# General Chat



## lyndsay552

This thread was previously on a different forum but was too general for the topic of the forum. Hence why I think it would be better suited to the expat forum, as general chit chat is the aim of the game.

Please feel free to add any discusions you wish and we will see how this develops.

Looking forward to lots of laughs

All the best

Lyndsay


----------



## Stravinsky

lyndsay552 said:


> This thread was previously on a different forum but was too general for the topic of the forum. Hence why I think it would be better suited to the expat forum, as general chit chat is the aim of the game.
> 
> Please feel free to add any discusions you wish and we will see how this develops.
> 
> Looking forward to lots of laughs
> 
> All the best
> 
> Lyndsay


Hi Lindsay

Sorry Lindsay, whats your point / subject ... where are you from? This is an expats forum for information about moving abroad, I'm afraid its not a chat room.


----------



## lyndsay552

I am moving to hurghada within a few months and thought it would be a good way to meet other expats, rather than just asking questions.

no other motive involved

lyndsay


----------



## Stravinsky

lyndsay552 said:


> I am moving to hurghada within a few months and thought it would be a good way to meet other expats, rather than just asking questions.
> 
> no other motive involved
> 
> lyndsay


Oh .... OK 
What made you go there? Work?


----------



## lyndsay552

Not really, more a change of lifestyle. Looking forward to waking up every morning and being able to see the sea.
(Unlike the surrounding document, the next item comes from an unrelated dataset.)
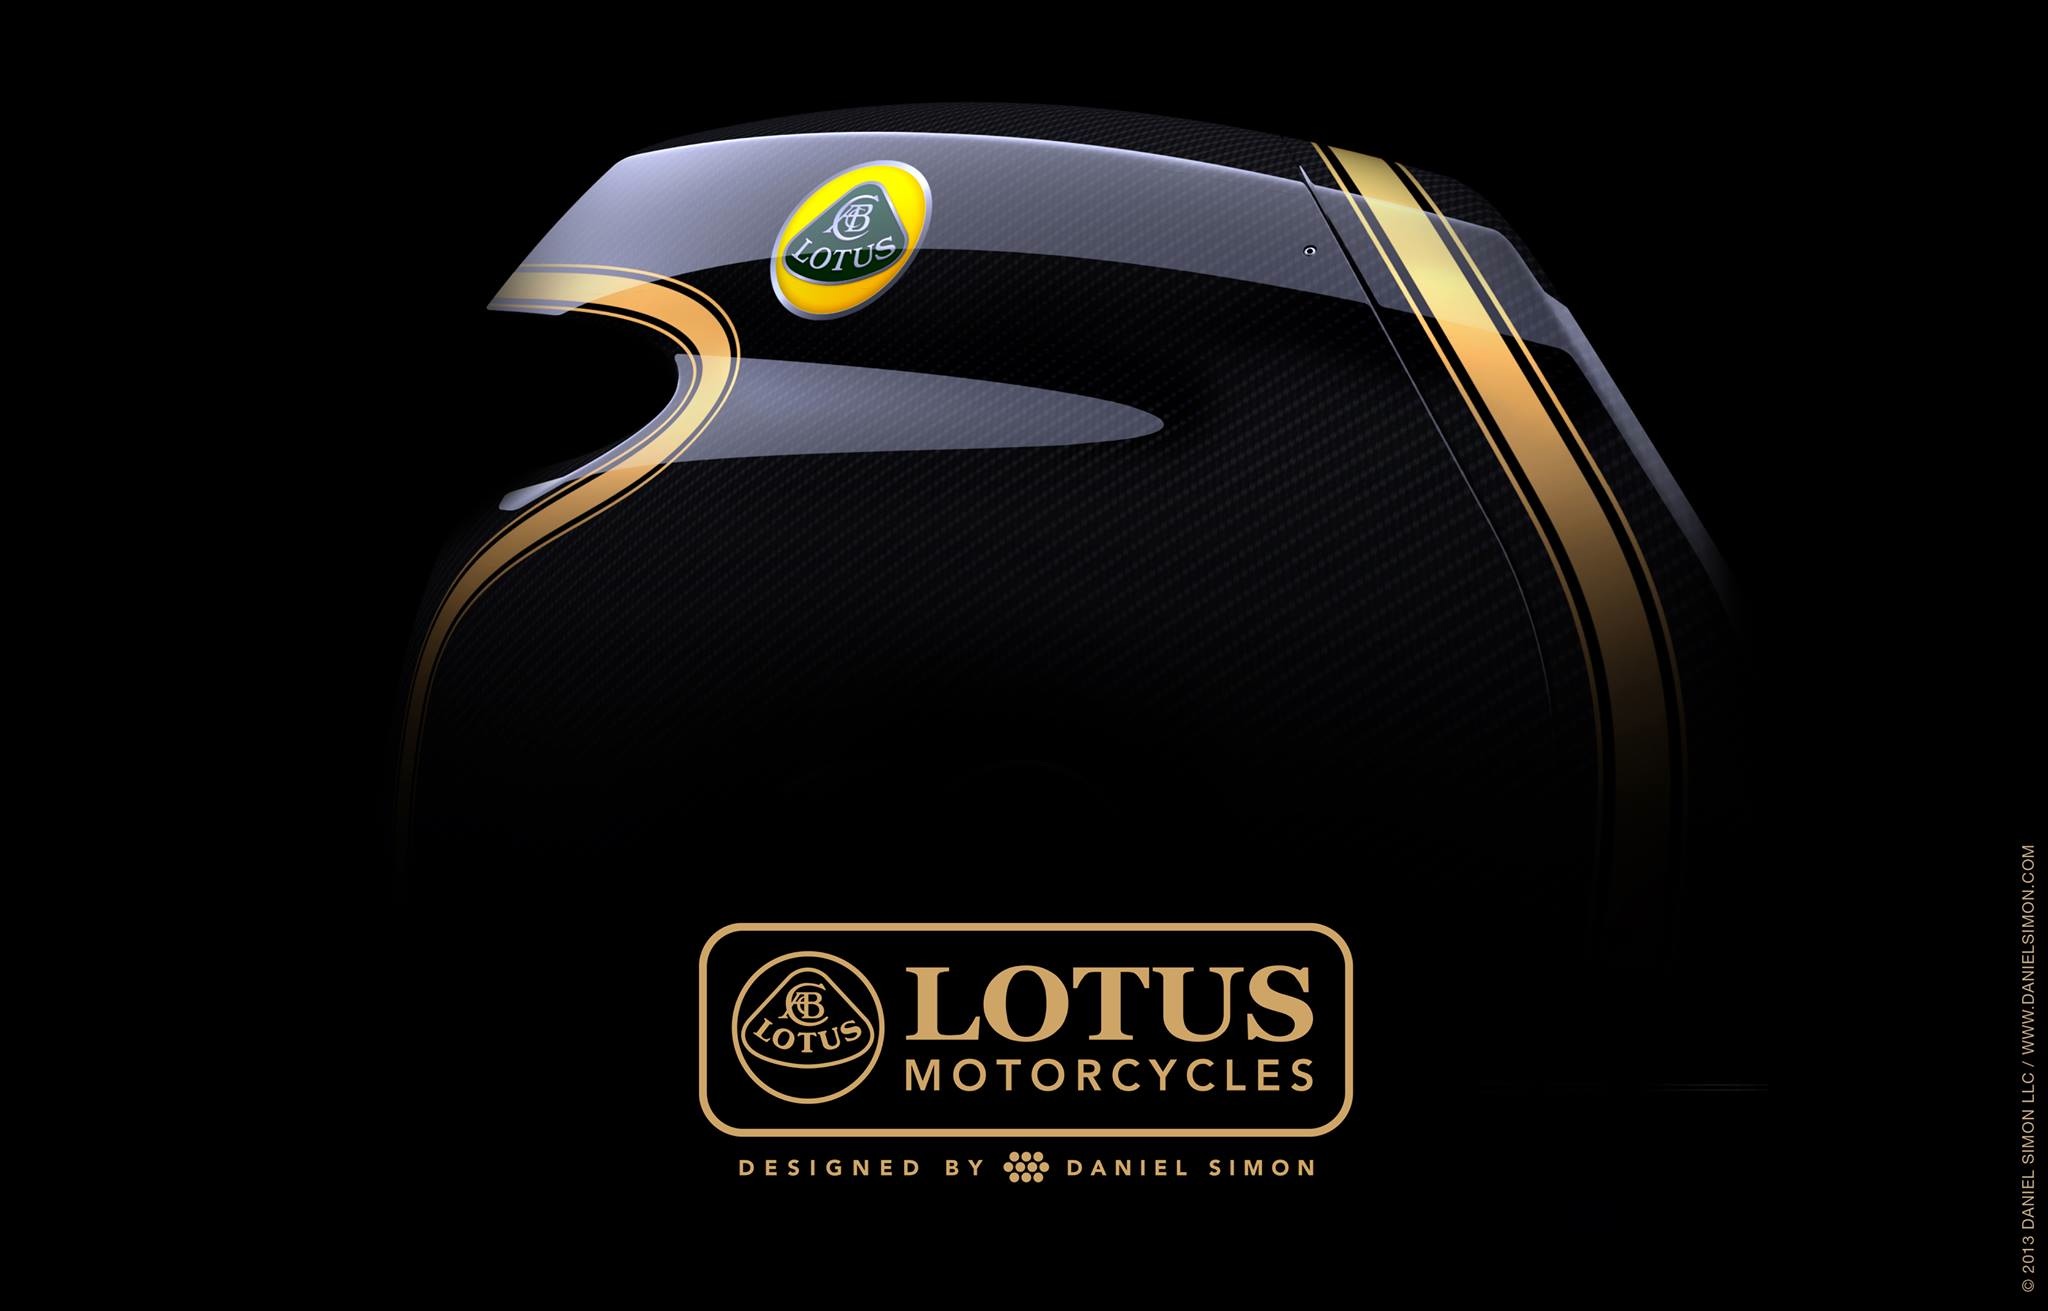 Lotus motorcycles

No hassles and no stress!!

Lyndsay


----------



## j4hurghada

Just seen this Lyndsay
Don't know if it will work but can give it a go

Jayne


----------



## queenie40something

Hi girls how are you all


----------



## lyndsay552

Just sent of the money for regency towers so a mix of excitement and depression, my bank account was quite healthy for a while!!!!!!!


----------



## queenie40something

Hi Lyndsay - I know what you mean. We transferred our payment in full and had a very nervous week waiting for it to reach the other end.


----------



## lyndsay552

This one isn't too bad as it was transferred to a UK solicitor, who we have transferred to before but when we pay for oasis it's an international transfer which should be interesting!!!!


----------



## j4hurghada

Lyndsay 
dont worry about transfering to egypt it is very streight forward thay give you all the account numbers and you just go in bank to do, very very easy.


----------



## j4hurghada

remember Iraida have been doing this type of thing for ages now and are very used to it, they have 4 developments sold and handed over up to press your development is there 5th one.


----------



## gina remoun

lyndsay552 said:


> Not really, more a change of lifestyle. Looking forward to waking up every morning and being able to see the sea. No hassles and no stress!!
> 
> Lyndsay


hi lyndsay,
have you made your move yet ? im asking because im marrying an egyptian later in the year and need advice on all the legal requirements so i can move there, it seems every where i go for advice i hit a brick wall, so asking someone who's done it seem's the only way to get the info im likely to need,
thanks for any help you could offer
gina
[email protected]


----------



## elgouna

gina remoun said:


> hi lyndsay,
> have you made your move yet ? im asking because im marrying an egyptian later in the year and need advice on all the legal requirements so i can move there, it seems every where i go for advice i hit a brick wall, so asking someone who's done it seem's the only way to get the info im likely to need,
> thanks for any help you could offer
> gina
> [email protected]


Hi Gina,

It should be straight forward... I'm British/Egyptian and my Husband is Italian and we moved to Elgouna (near Hurghada) from the UK 2 years ago. 

If you get married in the UK, you will need to get all your papers,(Marriage certificate etc) to Egypt with you so that your husband can get it authorized here in Egypt. Then you can apply for a residence visa. Until that paper work is done just enter the country on a tourist visa, which you can renew when you are here. 

(Also, my mother who is British has been living in Egypt for the past 46 years, since she married my dad (Egyptian) and moved here in the early 60's).

Sally


----------